The identified cohort included 819 women: 158 (19.3%), 2008 FIGO stage IA and 661 (80.7%), 2008 FIGO stage IB leiomyosarcoma. The 5-year overall survival rate was better in stage IA than in stage IB leiomyosarcoma (76.6% vs 48.4%, P < 0.001). Similarly, the 5-year overall survival rates were significantly different (P < 0.001) among women with different tumor size categories: 5 cm or smaller, 5.1 to 10 cm, and larger than 10 cm (76.6%, 52.9%, and 41.9%, respectively). The difference in 5-year overall survival rates between women with and without cervical involvement was significant (28.5% vs 55.3%, P = 0.014).

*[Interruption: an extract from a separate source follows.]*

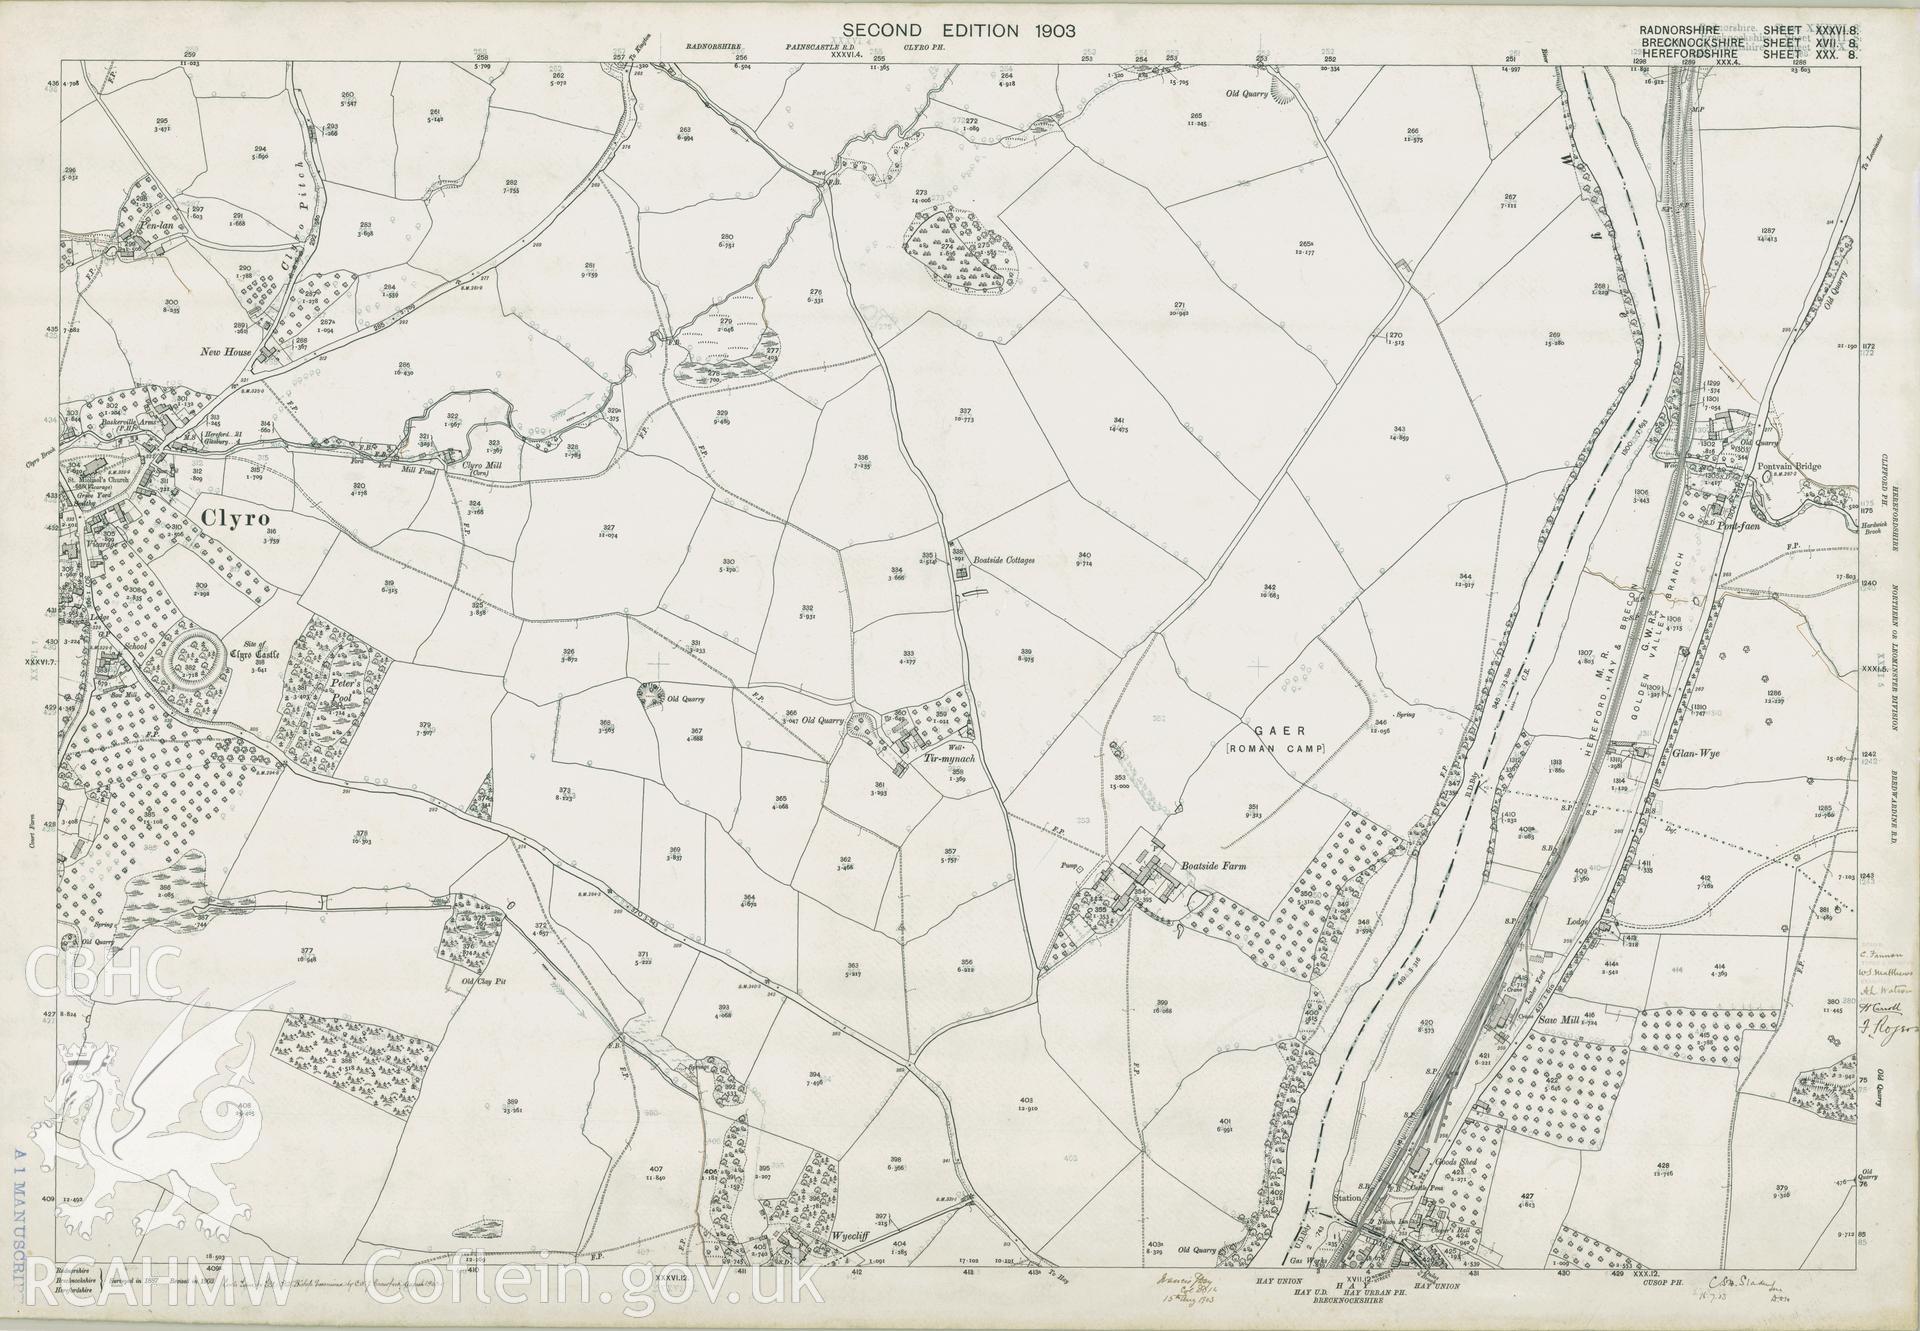 Digitized copy of Ordnance Survey 25 inch map of Clyro area 1903

Although age (P < 0.001), cervical involvement (P = 0.014), tumor grade (P < 0.001), tumor size (P < 0.001), performance of salpingo-oophorectomy (P = 0.001), and stage (P < 0.001) were all significant prognostic factors on univariate analysis, only age (P = 0.007), tumor size (P < 0.001), tumor grade (P < 0.001), and performance of salpingo-oophorectomy (P = 0.02) were significant predictors on multivariate analysis. Variables not found significant on univariate analysis (hence excluded from the Cox model) included lymphadenectomy, radiation, and race.

CONCLUSIONS

The new staging system using tumor size is better for risk stratification in stage I leiomyosarcoma compared with the 1988 FIGO staging system of endometrial cancer.

摘要

简介

肿瘤大小已被纳入 2008 年国际妇产科联盟(FIGO)分期系统中,作为 I 期平滑肌肉瘤的分期变量。在之前的 1988 年 FIGO 分期系统中,平滑肌肉瘤使用与子宫内膜癌相同的分期标准,包括宫颈受累。在这项大型基于人群的研究中,我们验证了肿瘤大小在 I 期平滑肌肉瘤患者风险分层中的用途。

方法

数据来自 1988 年至 2005 年的监测、流行病学和最终结果数据库。Kaplan-Meier 对数秩和 Cox 比例风险模型用于生存分析和识别可能的生存预测因素。

结果

确定的队列包括 819 名女性:158 名(19.3%)为 2008 年 FIGO 分期 IA,661 名(80.7%)为 2008 年 FIGO 分期 IB 平滑肌肉瘤。IA 期的 5 年总生存率优于 IB 期(76.6% vs 48.4%,P<0.001)。同样,不同肿瘤大小类别的女性 5 年总生存率有显著差异(P<0.001):肿瘤大小为 5cm 或更小、5.1 至 10cm 和大于 10cm 的患者,其 5 年总生存率分别为 76.6%、52.9%和 41.9%。有或无宫颈受累的女性 5 年总生存率差异有统计学意义(28.5% vs 55.3%,P=0.014)。尽管年龄(P<0.001)、宫颈受累(P=0.014)、肿瘤分级(P<0.001)、肿瘤大小(P<0.001)、输卵管卵巢切除术的实施(P=0.001)和分期(P<0.001)在单因素分析中均为显著预后因素,但仅年龄(P=0.007)、肿瘤大小(P<0.001)、肿瘤分级(P<0.001)和输卵管卵巢切除术的实施(P=0.02)是多因素分析中的显著预测因素。单因素分析中无统计学意义的变量(因此排除在 Cox 模型之外)包括淋巴结切除术、放疗和种族。

结论

与 1988 年 FIGO 子宫内膜癌分期系统相比,使用肿瘤大小的新分期系统更有利于 I 期平滑肌肉瘤的风险分层。